Сегодня воскресенье, но все озабочены, так как пастор вручил миссис Чигане счет за еду и жилье. Она неизвестно почему решила, что пока не устроится на работу, все будет получать бесплатно. В лагерях рассказывали удивительные истории о том, как принимают в Америке. Одну семью привезли прямо в их собственную квартиру, в буфете было полно посуды, холодильник ломился от еды, шкафы — от одежды. Дамский комитет готов был обучать их английскому языку. Другой семье предоставили возможность выбирать в продуктовом магазине все что ни пожелают, потом их отвезли в другой магазин — выбрать одежду. Берите все, что вам необходимо, сказали в распределительном комитете, это Америка, здесь улицы вымощены золотом. Никто не слышал еще историй о бывших профессорах почтенного возраста, которые работали на хлопковых плантациях Миссисипи и которым угрожали тюрьмой и депортацией, если они попытаются оттуда сбежать. Миссис Эглите еще не сошла с ума, оттого что к ней не вызвали врача, чтобы принять затянувшиеся роды. «У нас с коровами нет никаких проблем, — сказал владелец плантации. — Я думал, эта порода покрепче».

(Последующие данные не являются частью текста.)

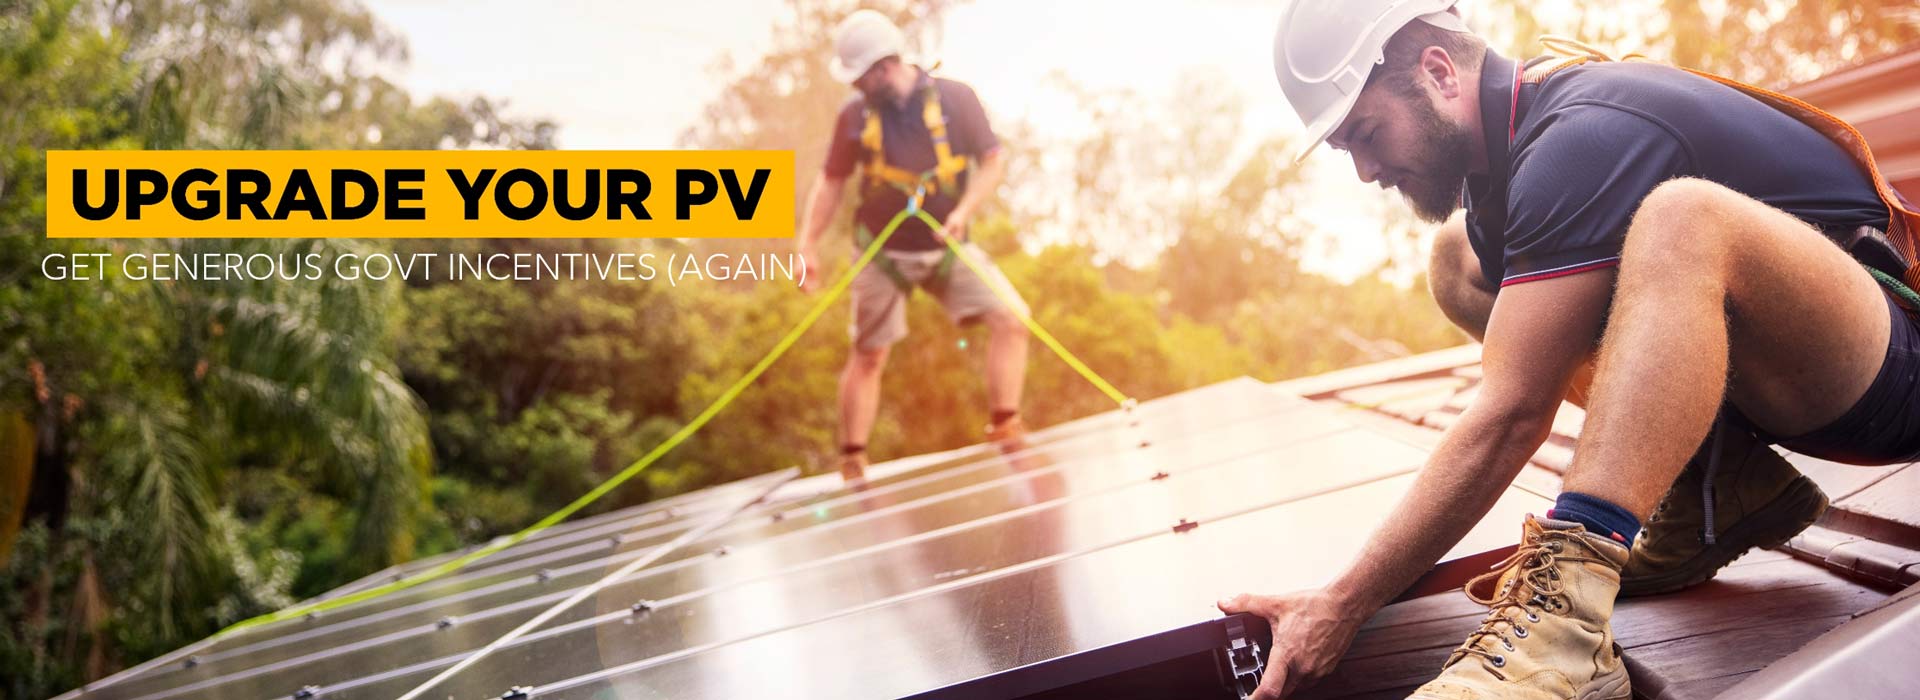 Upgrade your PV to a new, efficient solar power system from Solahart Hervey Bay

Так что счет на тысячу долларов за три месяца проживания оказался для миссис Чигане чудовищным ударом. Приличный дом в Индианаполисе можно купить всего лишь за сумму, в двенадцать раз превышающую указанную в счете. Миссис Чигане плакала, говорила, что никогда в этой стране она не выкарабкается, а пастор был предельно вежлив. Он сказал, что можно расплачиваться в течение года. Миссис Чигане не знала, как и благодарить. Чувство благодарности испытываем мы все, только это нам и позволено. Но тревогу нашу не скроешь, потому что мы даже по-латышски переговариваемся шепотом, — о пугающем будущем, о том, во сколько нам обойдется каждый день и каждый час. Стыд свой мы прячем глубоко, даже от самих себя.
Пастор Маккормик с супругой направляются в свою спальню, это единственное место в доме, где они могут остаться наедине. Нелегко миссис Маккормик жить в доме, в котором полно чужих людей, ведь она не привыкла к такой тесноте. По утрам, когда она собирается на работу, мы стараемся держаться подальше от кухни. Прежде чем зайти в ванную, мы осторожно оглядываемся. В отсутствие миссис Маккормик женщины полируют мебель, моют кухню, полют грядки. Мы готовим ужин, пока она после работы играет на пианино или читает газеты. Это лишь малая толика из того, чем мы готовы расплатиться за то, что мешаем. Нам нравится эта работа; до чего же приятно делать настоящее дело в настоящем доме.
В тот день после обеда до нас донеслись громкие голоса из спальни.
— Я хочу, чтобы они исчезли, — кричит миссис Маккормик. — Чтобы убрались сию же минуту. Я их ненавижу.
Она хлопает дверью и бежит по тропинке, обсаженной цветущими ноготками, мама как раз наклонилась над ними, выпалывает сорняки; хозяйка садится в голубую машину с опускающимся верхом и хлопает дверцей. Когда смущенный пастор Маккормик выскакивает на порог, она высовывается из машины и кричит:
— Это мой дом, мой!
Она уезжает. Пастор садится в свою машину и мчится следом. Через час он звонит и говорит миссис Чигане, что они с миссис Маккормик пару дней будут отсутствовать. Благодать!
Хотя до вечера еще далеко, женщины и дети берутся на кухне за работу. Мы месим тесто, чтобы уже утром был тяжелый кисло-сладкий латышский хлеб, а не замоченные в молоке, похожие на кашу хлопья для завтрака. Мы обсуждаем, сколько денег осталось в коробке для печенья. Еще до того, как мы узнали, сколько будет стоить наше пребывание здесь, мы тратили деньги очень обдуманно.
Принимаемся за чистку картофеля, лепим маленькие котлетки, жарим курицу, чистим горох. Обеденный стол в столовой раздвинут на всю длину. На ужин соберется двадцать один человек, угощение затянется до самой ночи, и взрослые примутся рассказывать истории о странных силуэтах, которые появляются на кладбище в сумерках, об умных крестьянах, которые узнали черта по хвосту, торчавшему у того за голенищем, о перепуганных детях, руки которых навечно прилипли к полу в домах, населенных привидениями. Ни о войне, ни о лагерях никто не произнесет ни слова.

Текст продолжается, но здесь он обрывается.